Çifte vergilendirme, aynı gelir kaynağına iki kez ödenen gelir vergilerini ifade eden bir vergi ilkesidir. Gelir hem kurumsal düzeyde hem de kişisel düzeyde vergilendirildiğinde ortaya çıkabilir. Çifte vergilendirme, aynı gelirin iki farklı ülkede vergilendirilmesi durumunda uluslararası ticarette veya yatırımda da gerçekleşir. 401 bin krediyle olabilir.
Çifte Vergilendirme
Çifte Vergilendirme Nasıl Çalışır?
Çifte vergilendirme genellikle şirketler hissedarlarından ayrı tüzel kişilikler olarak kabul edilir. Bu nedenle şirketler, tıpkı bireyler gibi yıllık kazançları üzerinden vergi öderler. Şirketler hissedarlara temettü ödediğinde, temettü ödemeleri için nakit sağlayan kazançlar zaten kurumsal düzeyde vergilendirilmiş olsa da, bu temettü ödemeleri, onları alan hissedarlar için gelir vergisi borcu doğurur.
Çifte vergilendirme, genellikle vergi mevzuatının istenmeyen bir sonucudur. Genellikle bir vergi sisteminin olumsuz bir unsuru olarak görülür ve vergi yetkilileri mümkün olduğunca bundan kaçınmaya çalışır.

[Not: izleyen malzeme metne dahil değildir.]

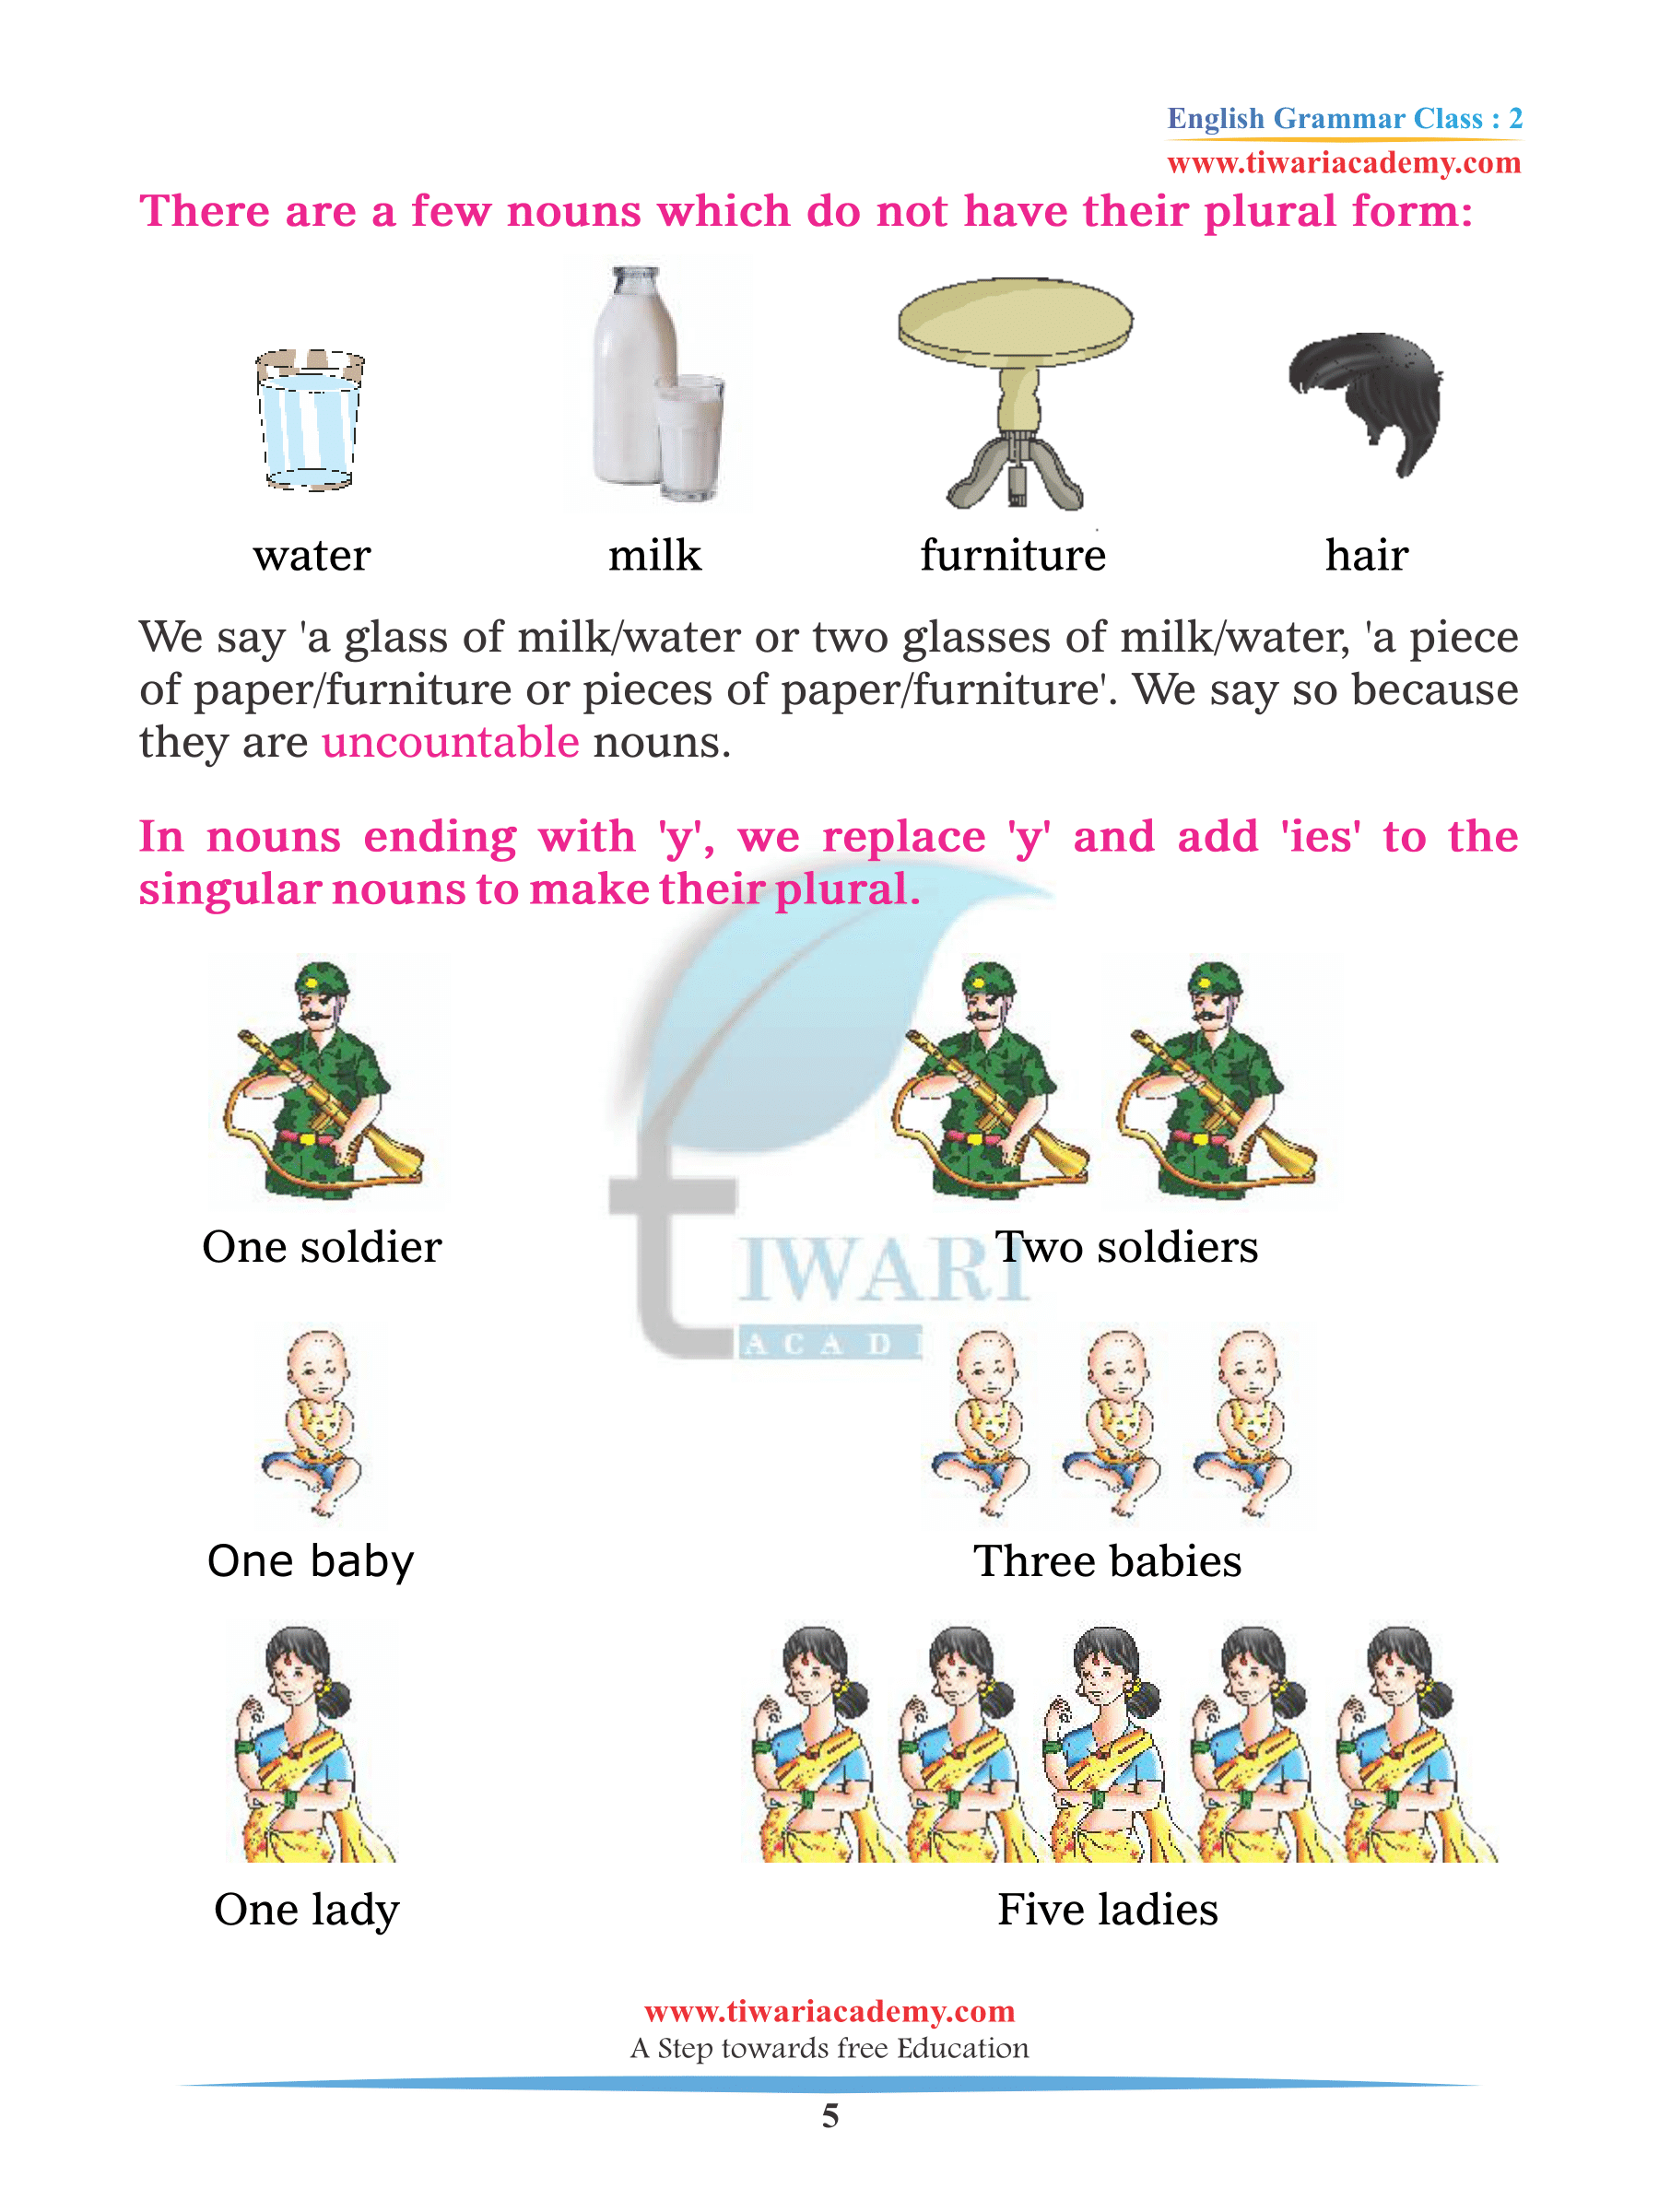 Class 2 English Grammar Chapter 2 Singular and Plural and Assignments.

Vergi sistemlerinin çoğu, değişen vergi oranları ve vergi kredileri kullanılarak, bir kurum tarafından kazanılan ve doğrudan bir bireyin kazandığı temettü ve gelirin aynı oranda vergilendirildiği entegre bir sisteme sahip olmaya çalışır.. Örneğin, ABD temettüleri karşılamada belirli kriterler "nitelikli" olarak sınıflandırılabilir ve bu nedenle avantajlı vergi muamelesine tabi tutulabilir: bireyin vergi grubuna bağlı olarak% 0, % 15 veya% 20 vergi oranı. Kurumlar vergisi oranı 2019 itibariyle% 21'dir.
önemli çıkarımlar
- Çifte vergilendirme, aynı gelir kaynağında iki kez ödenen gelir vergisini ifade eder. Eleştirmenler, temettü çifte vergilendirmenin haksız olduğunu savunurken savunucular, varlıksız hissedarların herhangi bir gelir vergisi ödemekten neredeyse kaçınabileceğini söylüyorlar.

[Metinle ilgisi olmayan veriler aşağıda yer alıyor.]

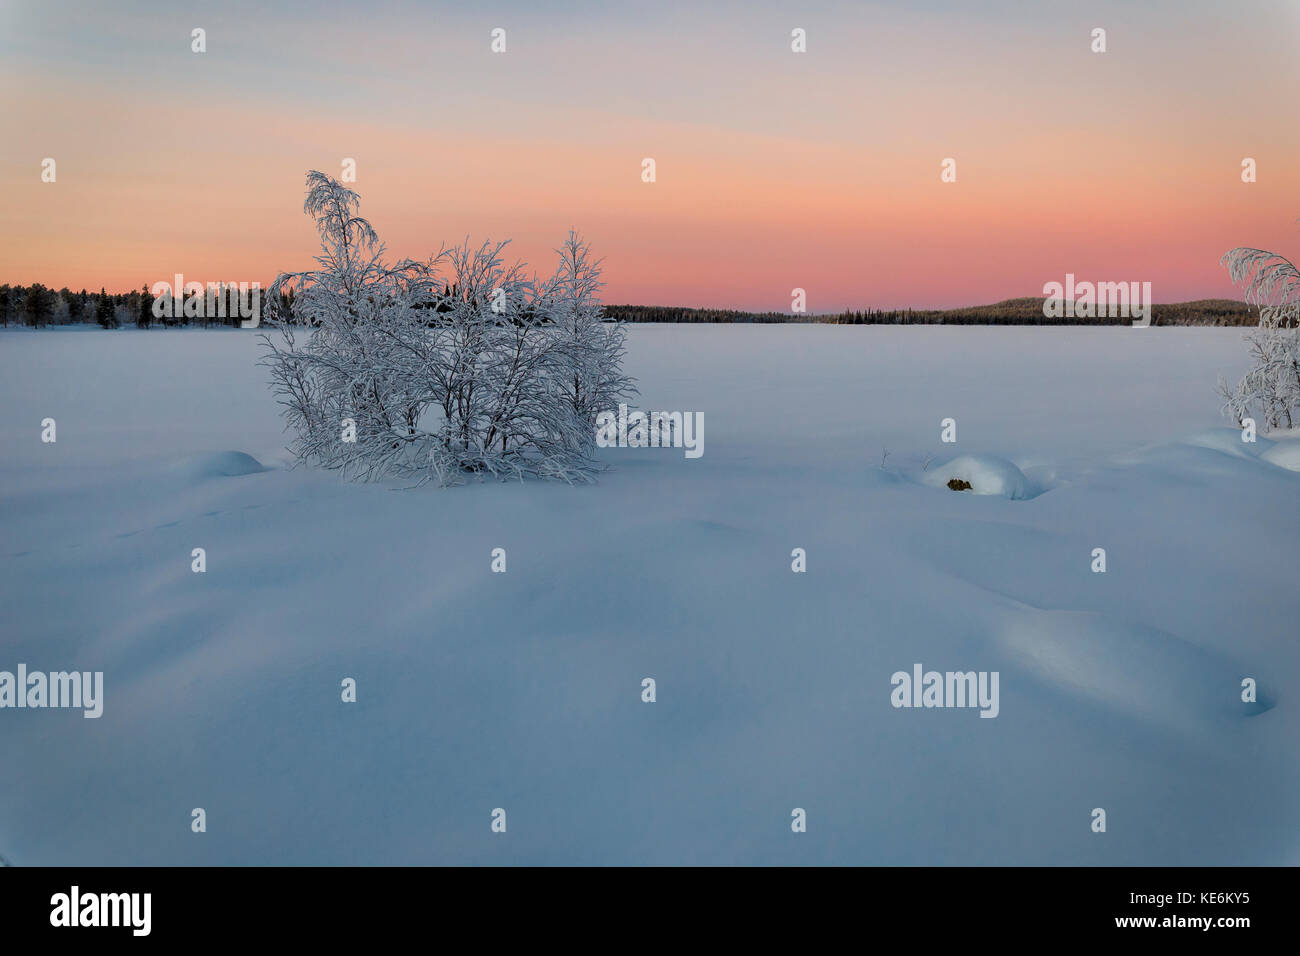 Bush on the frozen lake at sunset in Finland Stock Photo

Çifte Vergilendirmeye İlişkin Tartışma
Temettüler üzerinde çifte vergilendirme kavramı önemli tartışmalara neden olmuştur. Bazıları hissedarlarının temettüleri üzerinden vergilendirilmesinin haksız olduğunu savunurken, bu fonlar zaten kurumsal düzeyde vergilendirildiğinden, diğerleri bu vergi yapısının adil olduğunu iddia ediyor.
Çifte vergilendirme taraftarları, temettüler üzerinden alınan vergiler olmadan, varlıklı kişilerin büyük miktarda adi hisse senedi sahibi olmaktan aldıkları temettülerden iyi bir şekilde yararlanabildiklerini, ancak kişisel gelirleri üzerinde esasen sıfır vergi ödeyebileceklerini belirtiyorlar. Diğer bir deyişle, hisse sahipliği bir vergi sığınağı haline gelebilir. Temettü vergilendirmesinin taraftarları, temettü ödemelerinin şirketler tarafından gönüllü eylemler olduğunu ve bu nedenle şirketlerin hissedarlarına temettü ödemeyi seçmedikleri sürece gelirlerinin "çifte vergilendirilmesi" gerekmediğini belirtmektedir.

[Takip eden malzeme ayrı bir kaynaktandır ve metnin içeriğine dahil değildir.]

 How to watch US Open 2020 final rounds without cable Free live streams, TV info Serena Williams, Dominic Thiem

Master sınırlı ortaklıklar gibi doğrudan veya doğrudan geçiş yapısına sahip bazı yatırımlar popülerdir çünkü çift vergilendirme sendromundan kaçınırlar.
Uluslararası Çifte Vergilendirme
Uluslararası işletmeler genellikle çifte vergilendirme sorunlarıyla karşı karşıyadır. Gelir, kazandığı ülkede vergilendirilebilir ve daha sonra işletmenin bulunduğu ülkede geri gönderildiğinde tekrar vergilendirilebilir. Bazı durumlarda, toplam vergi oranı çok yüksektir, uluslararası işletmeleri takip etmek için çok pahalı hale getirir.
Bu sorunlardan kaçınmak için, dünyadaki ülkeler, genellikle Ekonomik İşbirliği ve Kalkınma Örgütü (OECD) tarafından sağlanan modellere dayanarak, çifte vergilendirmeyi önlemek için yüzlerce anlaşma imzaladılar. Bu antlaşmalarda, imzalayan uluslar, iki ülke arasındaki ticareti artırmak ve çifte vergilendirmeyi önlemek amacıyla uluslararası işletmelere vergilendirmeyi sınırlamayı kabul eder.